When I was pregnant, I had a theory. I figured you only have 10 months to literally eat what you want. There is a short window of time that you can make random requests to friends, family and complete strangers and actually have them accomplished. You only have so long before people will again expect you to carry not only your own bag but now the 75 lb. diaper bag belonging to the 30 lb. baby carrier you are also lugging around. So my theory? Milk it. For everything it’s worth. For as long as you can.
Unfortunately, my protégé has adopted my philosophy as her own. Now Brynna Grace Johnston will not stop playing after falling head-first from the ottoman onto a toy train. She will not pause even after 35 unsuccessful attempts to jump from the chair to the coffee table to the sofa. She won’t even admit defeat after cracking her head on the pavement trying to play soccer with the big boys across the street. But let her Daddy be out of town (which has been more often lately than not) and all bets are off. She will milk a sad face until even she laughs at herself. My strong, independent little girl suddenly can’t walk down the stairs without being carried or put her shoes on without help. She must be rocked to sleep and sometimes even then, somehow ends up in our bed. She makes the divas of Real Housewives look like amateurs!
Every now and then, there is a perfect storm. Sadly for my wonderful, kind, unsuspecting husband, he finds himself in the midst of chaos. This weekend was one such event. Thursday morning and again in the evening, I walked into the kitchen to find Brynna eating bran out of a bag with a spoon. Yes, I said bran. Straight, plain, granulated BRAN. I had to bribe her with pudding just to remove it, and even then, it required some effort. I was pretty sure it wouldn’t hurt her, but I didn’t want to be present when all that fiber started taking affect. (And since I was the only one home, there was no escaping that inevitability.) All was calm and quiet in the Johnston house until just before midnight Thursday night. At that point, BG woke up severely vomiting, proving the old adage - "too much of a good thing isn't good." It would seem that when you eat that much bran, it doesn’t even act as normal fiber. Your body just wants it out – immediately. I’ll spare you the details but for the next 6 hours, we nodded off, woke up, cleaned up, changed clothes and repeated the cycle. While I have never done so before, it was so bad, I joined her out of sympathy a couple of times. (Or maybe that was smell, not sympathy. Either way, it wasn’t pretty.)

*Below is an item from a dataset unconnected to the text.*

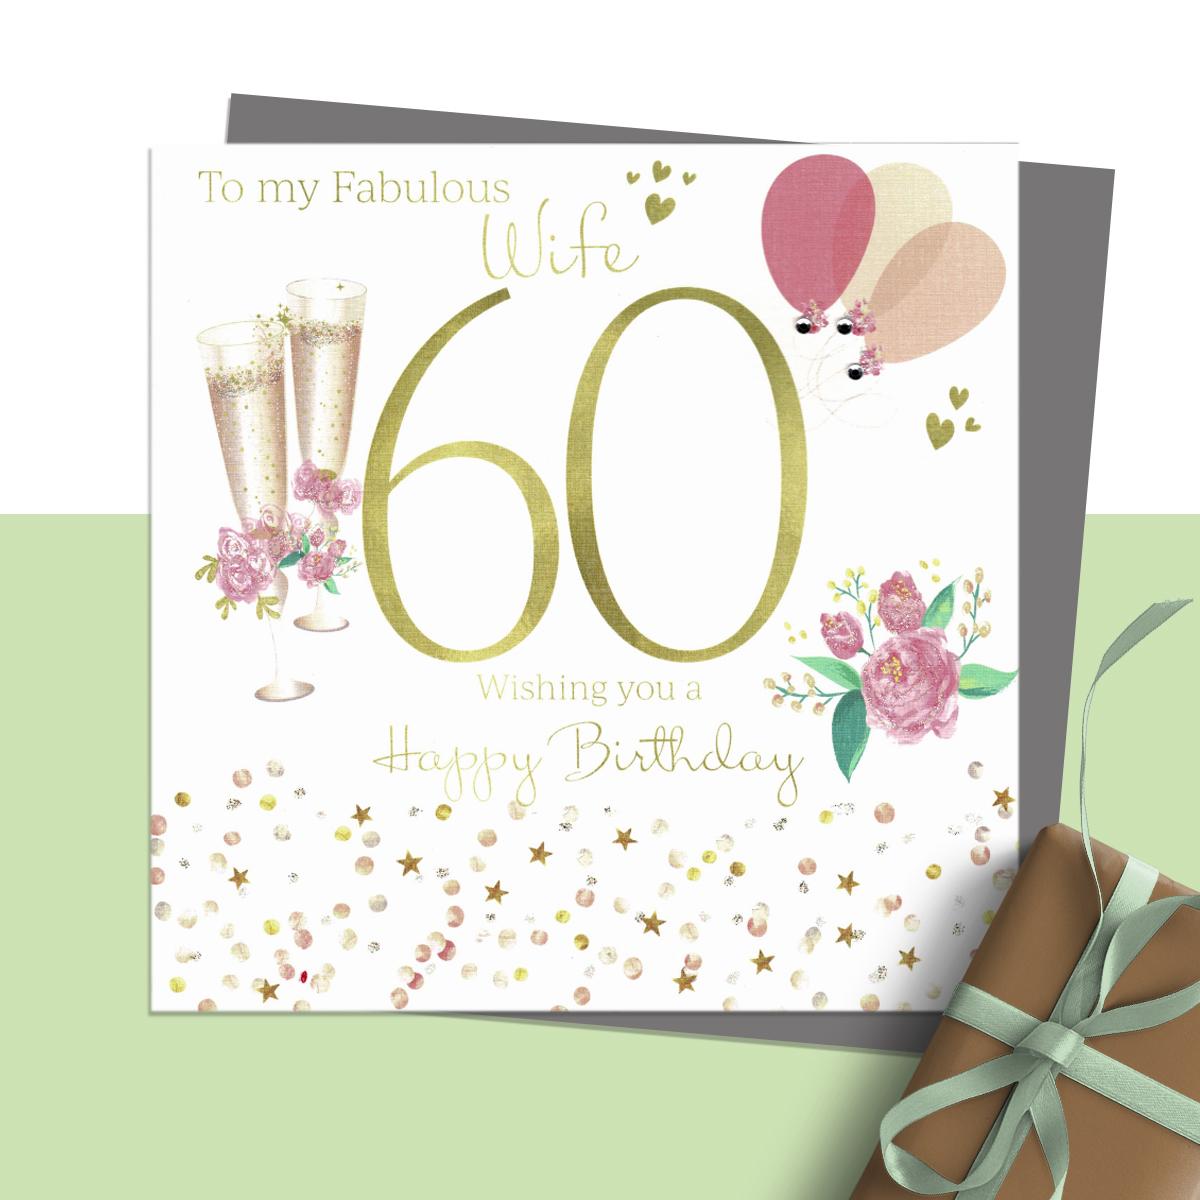 ' To My Fabulous Wife 60 Wishing You A Happy Birthday' Featuring Champagne Flutes, Flowers And Balloons. Hand Finished With Sparkle And Jewel Embellishments. Blank Inside For Own Message. Complete With Silver Coloured Envelope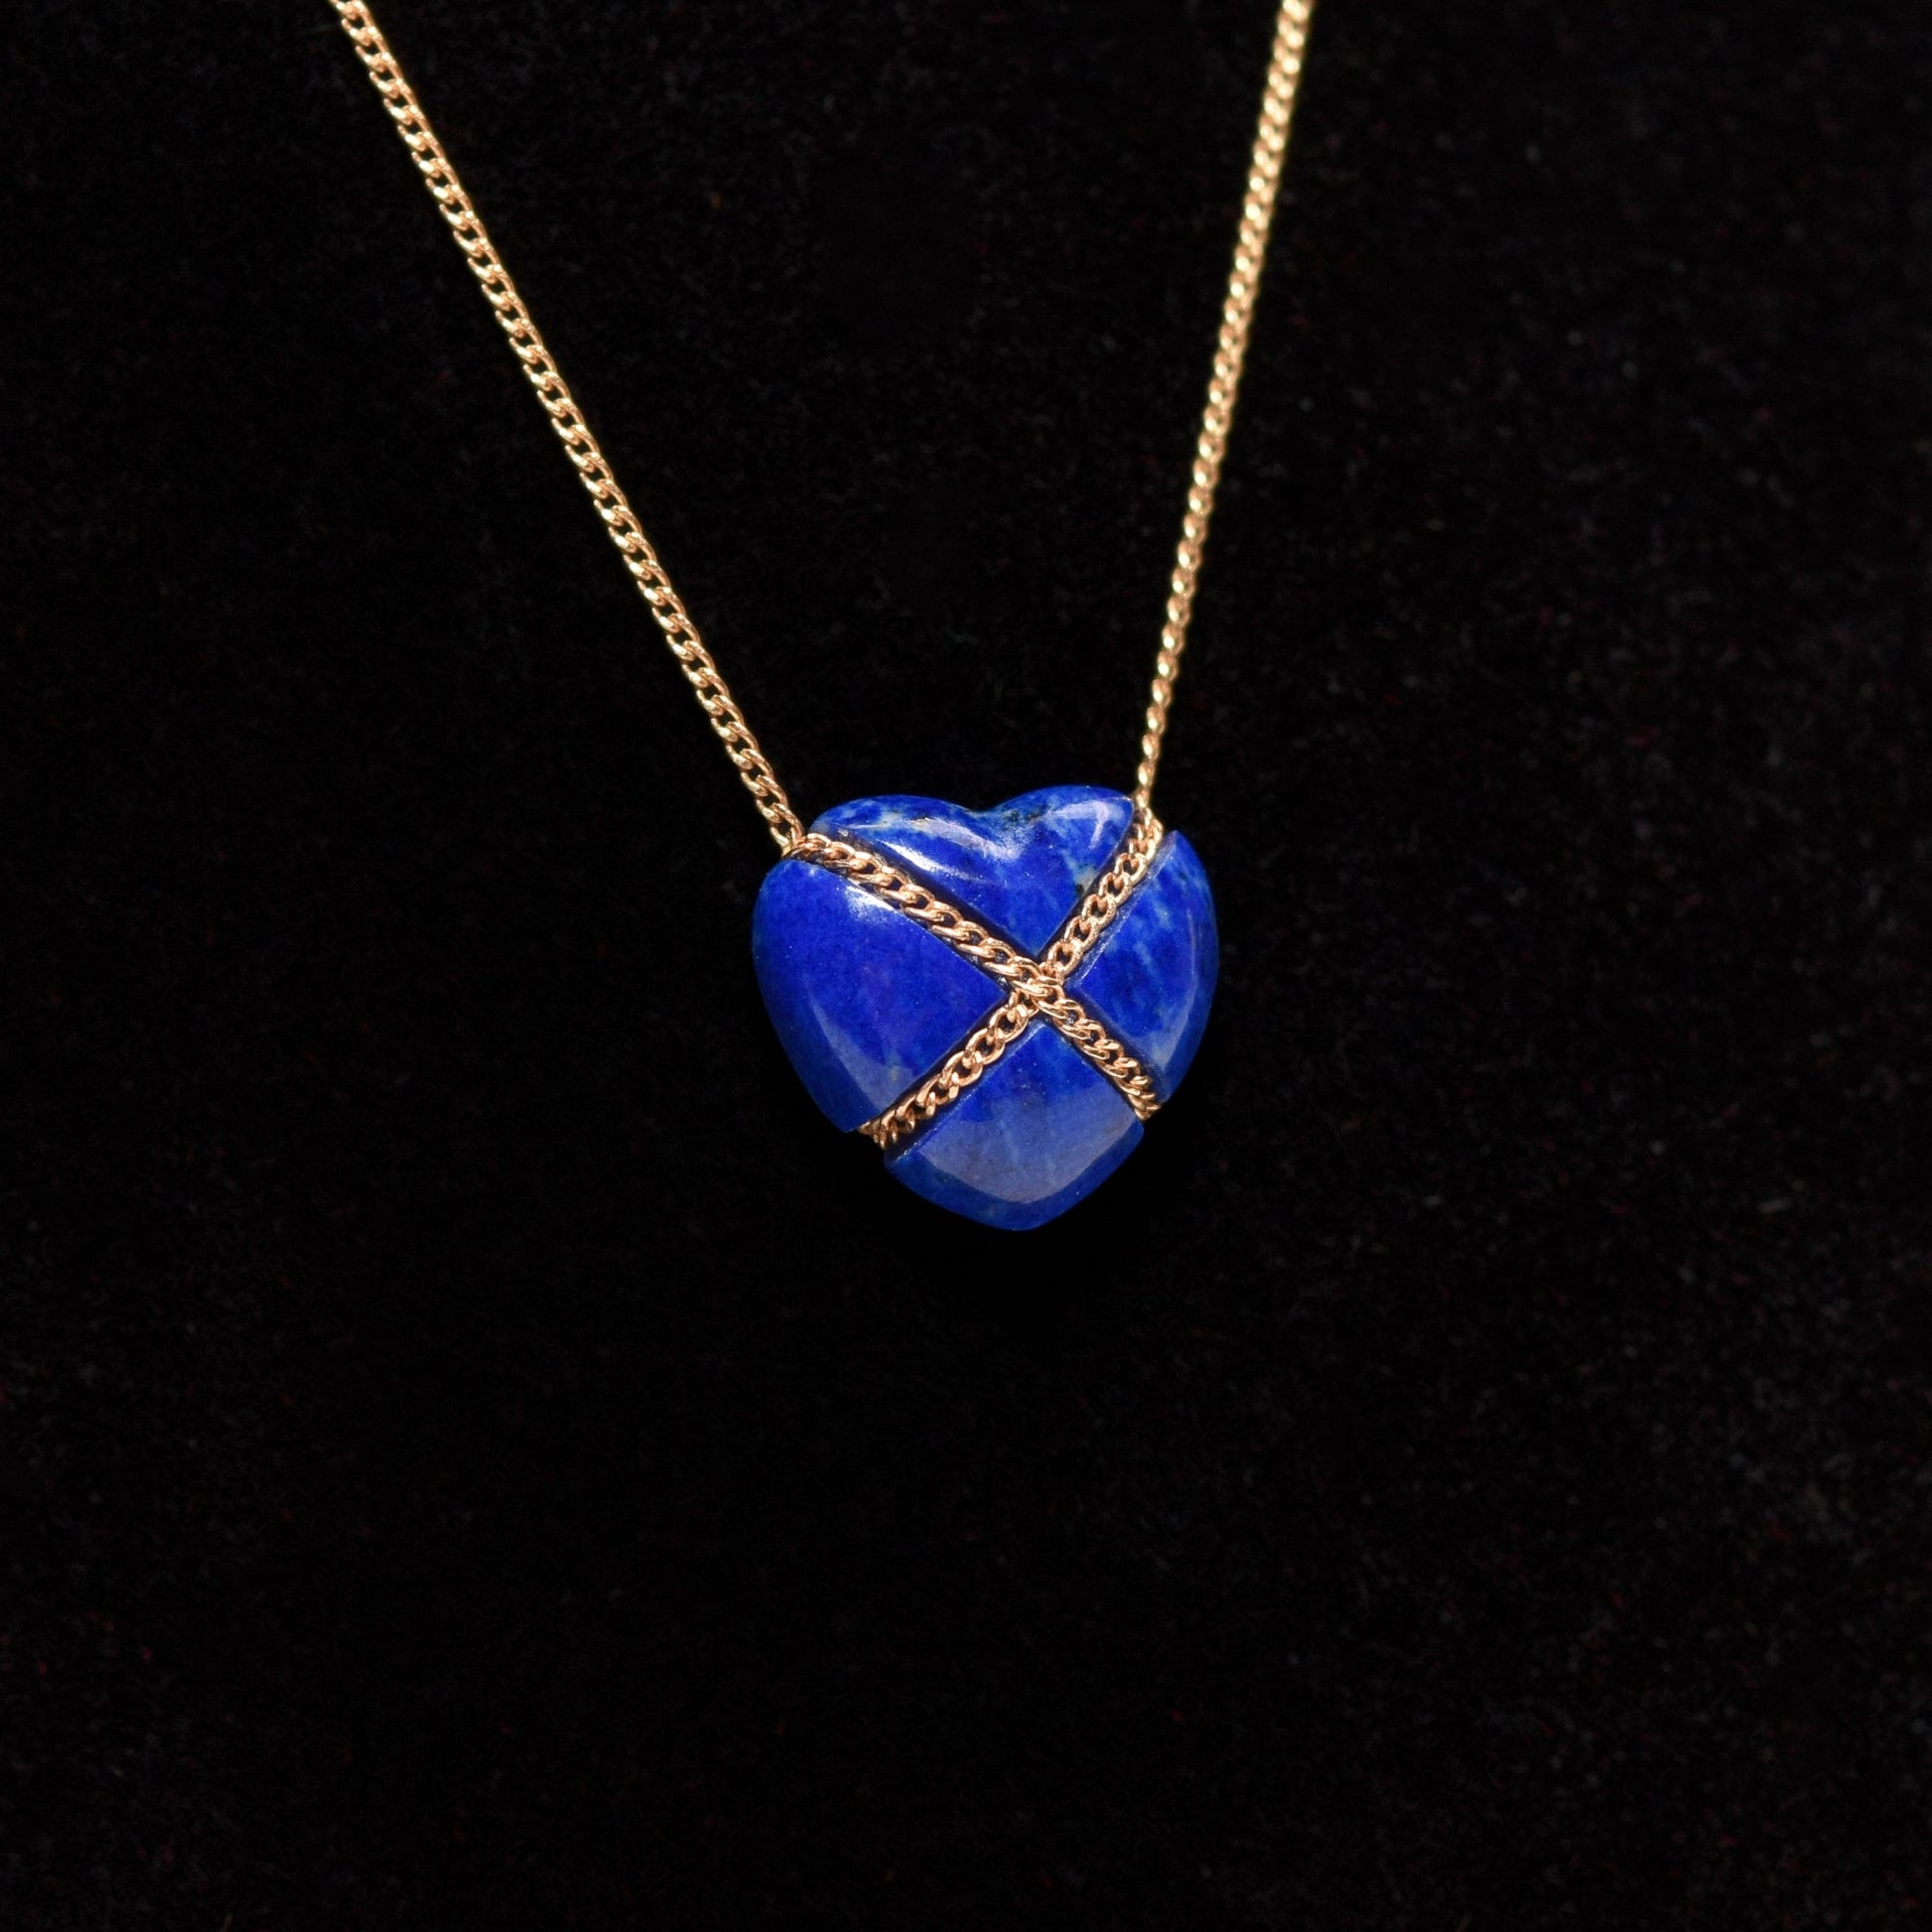 14K gold Tiffany & Co. lapis lazuli heart cross pendant necklace on a minimalist 18-inch chain against a black background.

Poor David came home from his business trip and spent the weekend doting on people. Call me immature, but I milked it. I took him up on his offer to finish the laundry and bed remaking. I let him take us out to dinner and take BG to the park Sunday so I could nap. Unfortunately, not to be outdone, Brynna pulled out all the stops on her “I Missed My Daddy Because I Love Him So Much” show. Audiences in the DC metro area are still discussing her performances at eating and shopping establishments.